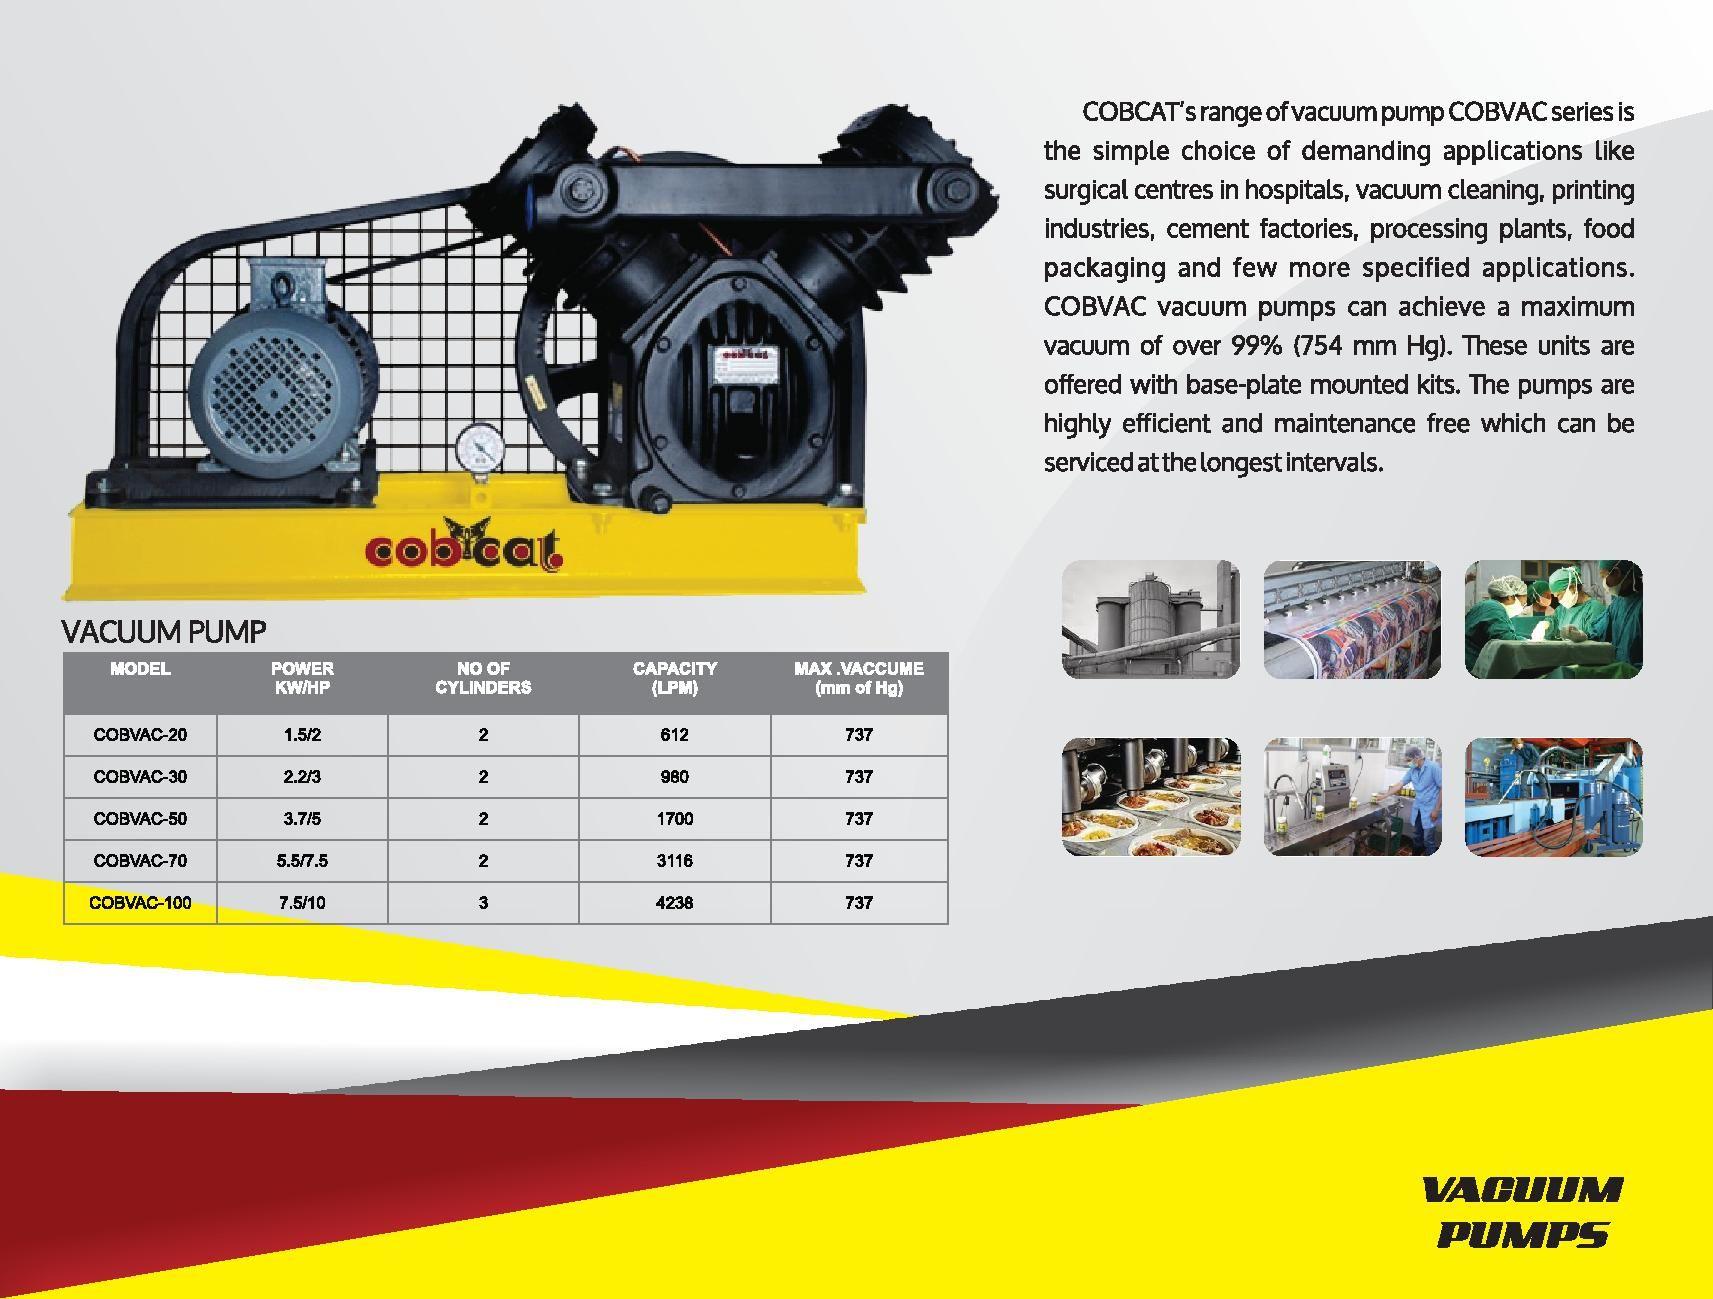 COBCAT vacuum pump manufacturers in coimbatore vacuum
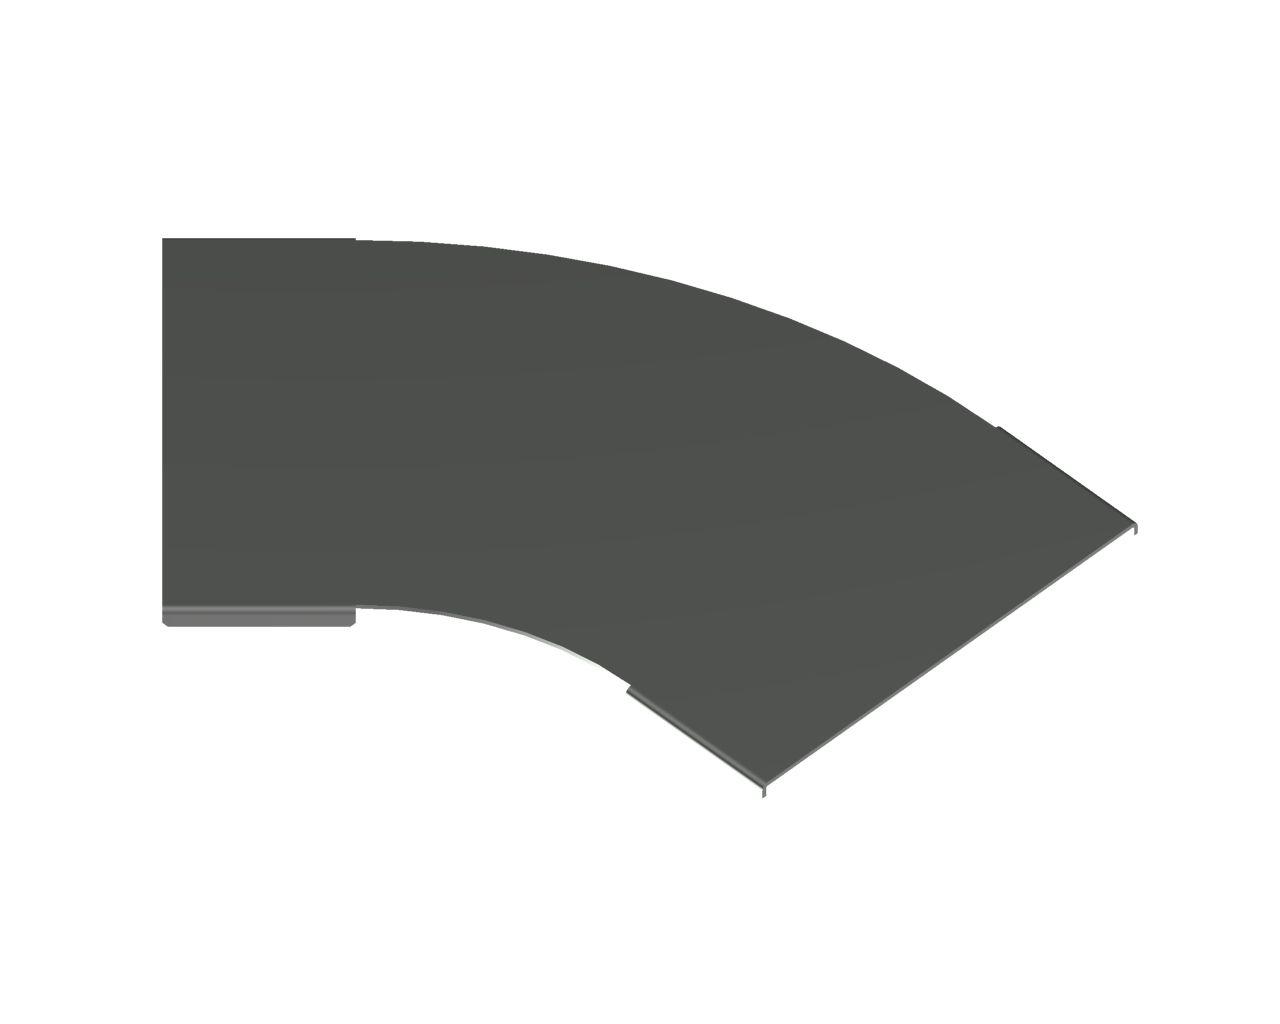 Pokrywa kolanka 45° PKKC45
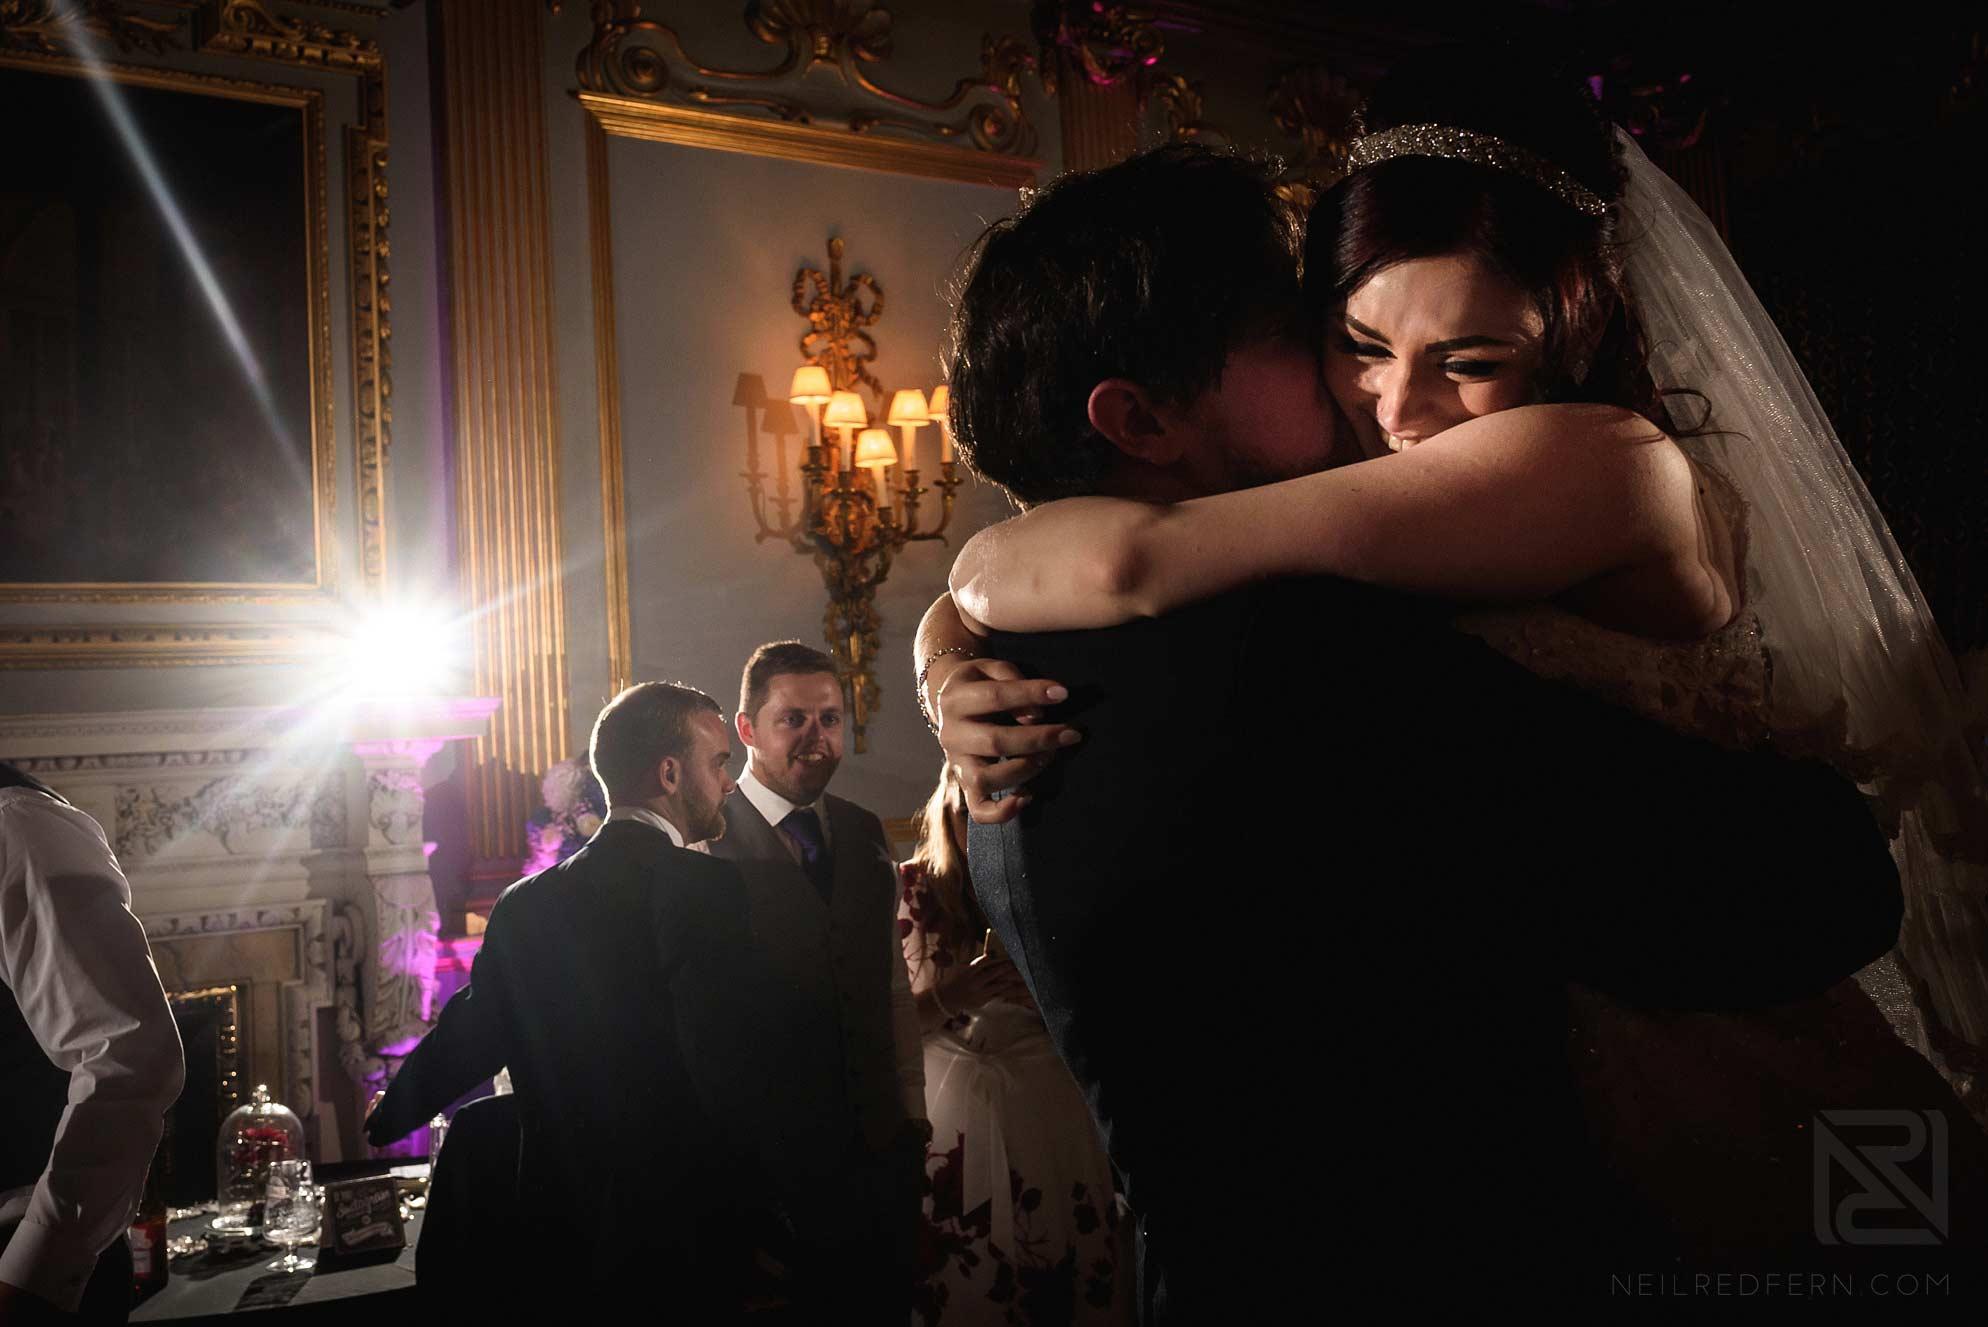 bride hugging groom on dancefloor
=====
**EXERCISE PROMPT:** Exact repetition of each line above is expected; images are to be omitted.

**ANSWER FOR THIS EXERCISE:**
 COBCAT vacuum pump manufacturers in coimbatore vacuum
 Pokrywa kolanka 45° PKKC45
 bride hugging groom on dancefloor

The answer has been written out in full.